Really, I have the perfect metaphor. Something is wrong with my heart. Literally. Something is wrong with my heart.
Okay, it might be pericarditis which technically is an inflammation around the sac that surrounds my heart, but it has everything to do with the beating of a heart. It protects the heart.
I have had tests this week. EKGs, blood work, ultrasounds. I had the first ever ultrasound of my heart, and there it was on the screen beating, pulsing, opening and closing the way a heart is apparently supposed to beat and pulse.
I wasn't prepared for the anxiety of the ultrasound. I wasn't prepared for the aliveness of it. The only ultrasounds I've had, of course, are of living and not living babies. This would be different, I thought. Of course, it's not a baby, it's a heart.
Oh, wait a minute, that's right, this is an ultrasound of a beating heart. And there it was. My heart beating, and all I could think of in that moment, as the technician was rubbing the gel over my chest and rubbing the probe over my heart was that This of course, is what a heart is supposed to do. Beat. Beat.
Why didn't I prepare myself better for that moment? For the memory of the not beating heart. For the technician in the room with the probe over my belly. Beat. Heart. Beat. Move.
I wasn't prepared for the memory of Grace's non-beating heart and for the contrast in size.
My heart, my heart looked nearly the size of a baby's head. Her heart was just the size of a plum, unmoved, floating in space.

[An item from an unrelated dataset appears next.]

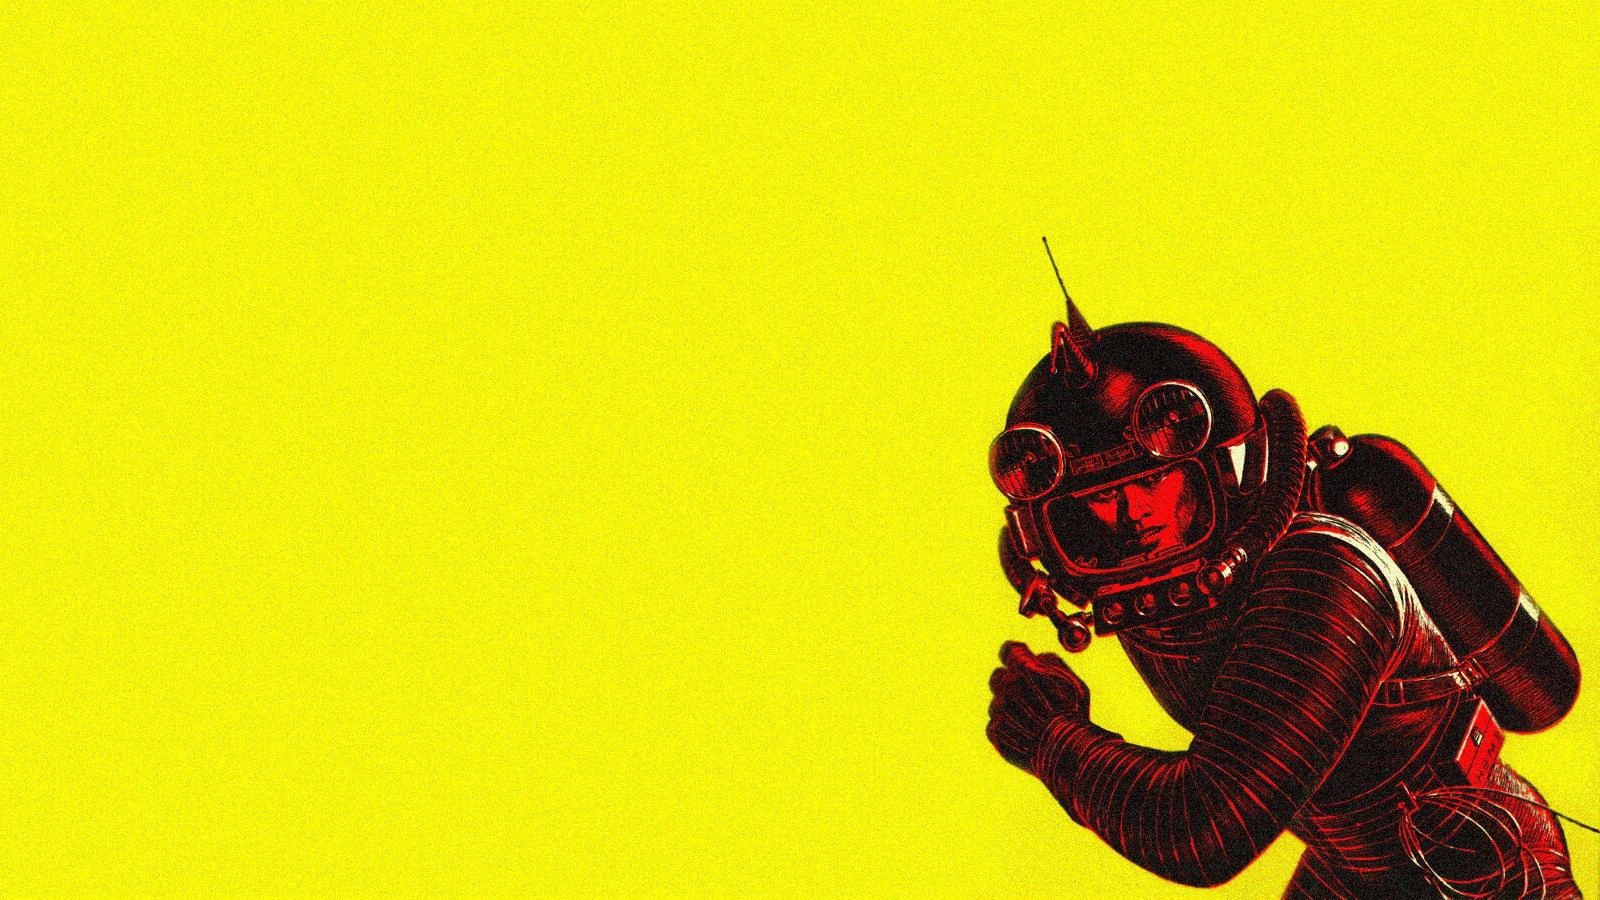 retro space wallpaper,rot,gelb,erfundener charakter,illustration,superheld

"The opening and closing of your valve looks good," the technician said. "Thank you," I responded. I couldn't say anything else so I just turned away waiting for the test to be over, thinking of Grace, of her still heart, of my heart cracking into a million pieces. And I wanted to turn to the technician and say, tell me, do you see a hole? Can you see the cracks? Is that what you are looking for?
And suddenly I was terrified that she could look into my soul, and she would see the darkness.

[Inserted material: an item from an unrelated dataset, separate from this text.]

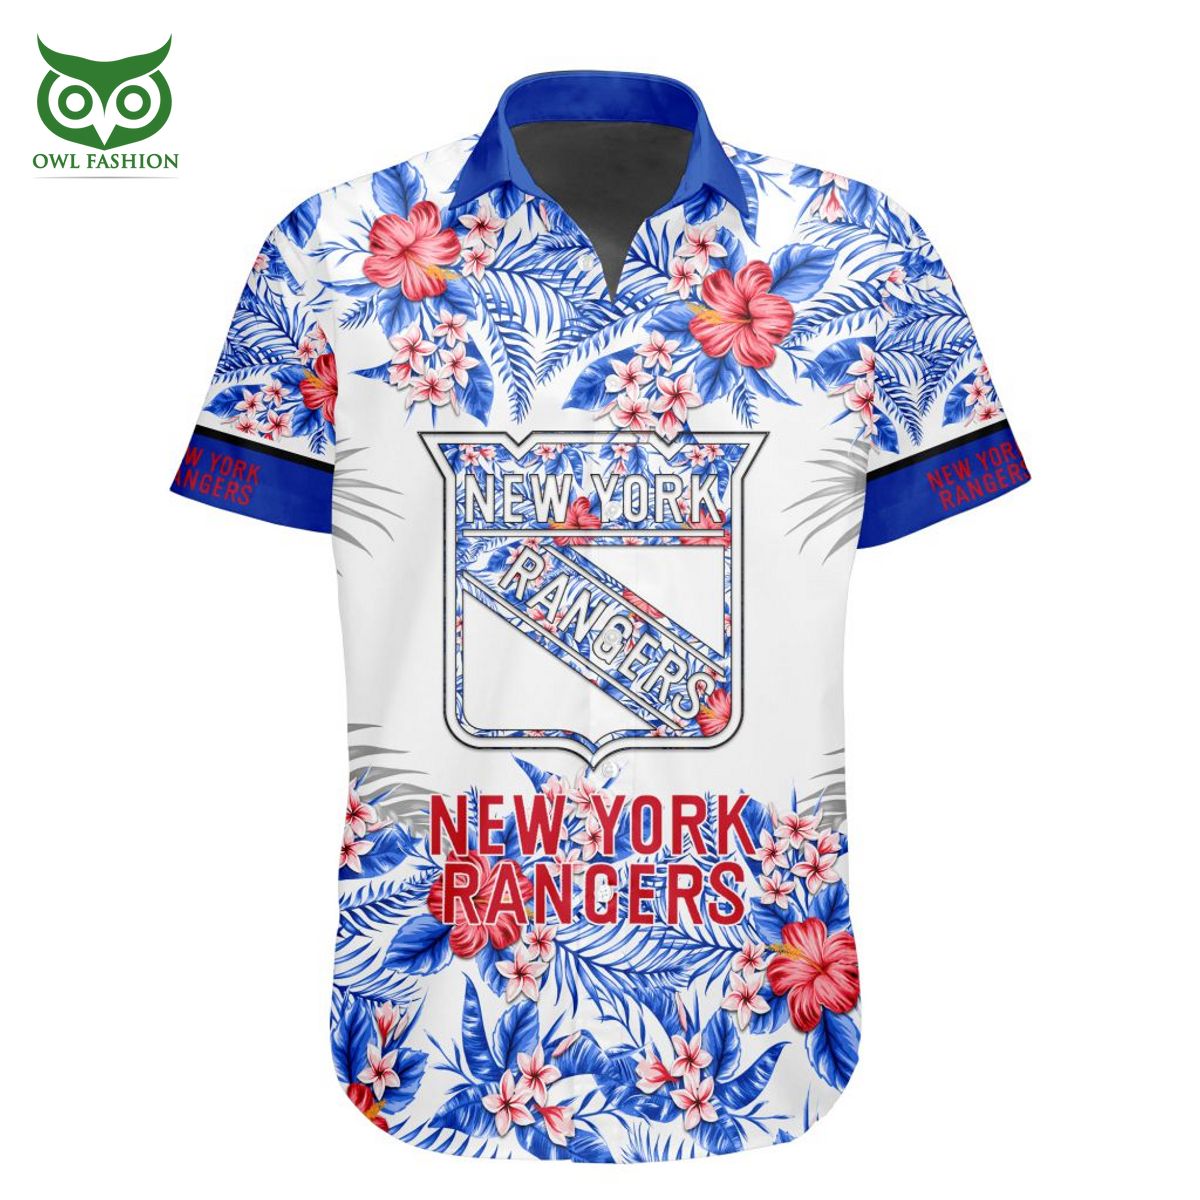 New York Rangers Playoffs Apparel, Rangers Gear, New York Rangers Shop

Yes, something is wrong with my heart. Something is very wrong with my heart, I wanted to say. A child is missing. A child is gone. Can you see that with your probe?
The pericardium is the sac that surrounds the heart. It's function has three purposes. The first is to keep the heart contained; the second is to prevent the heart from overexpanding; the third is to limit the motion of the heart. My pericardium is enlarged. It is inflammed, and I can't help but wonder if it's function hasn't been tested too many times. What kind of sac could possibly contain my heart? What kind of sac could limit the motion of my heart. My heart has been cracked and sewed back together. It has a hole, and I don't believe that any kind of sac could prevent it from overexpanding.
You see, after I gave birth to Grace, my heart shriveled; it withered. It died. But then, I found Grace in the eyes of my other two children; I found Grace in their souls. And three years later I gave birth again and he came out eyes wide open and heart pounding hard. And in that moment, my heart grew again. It grew and grew and grew.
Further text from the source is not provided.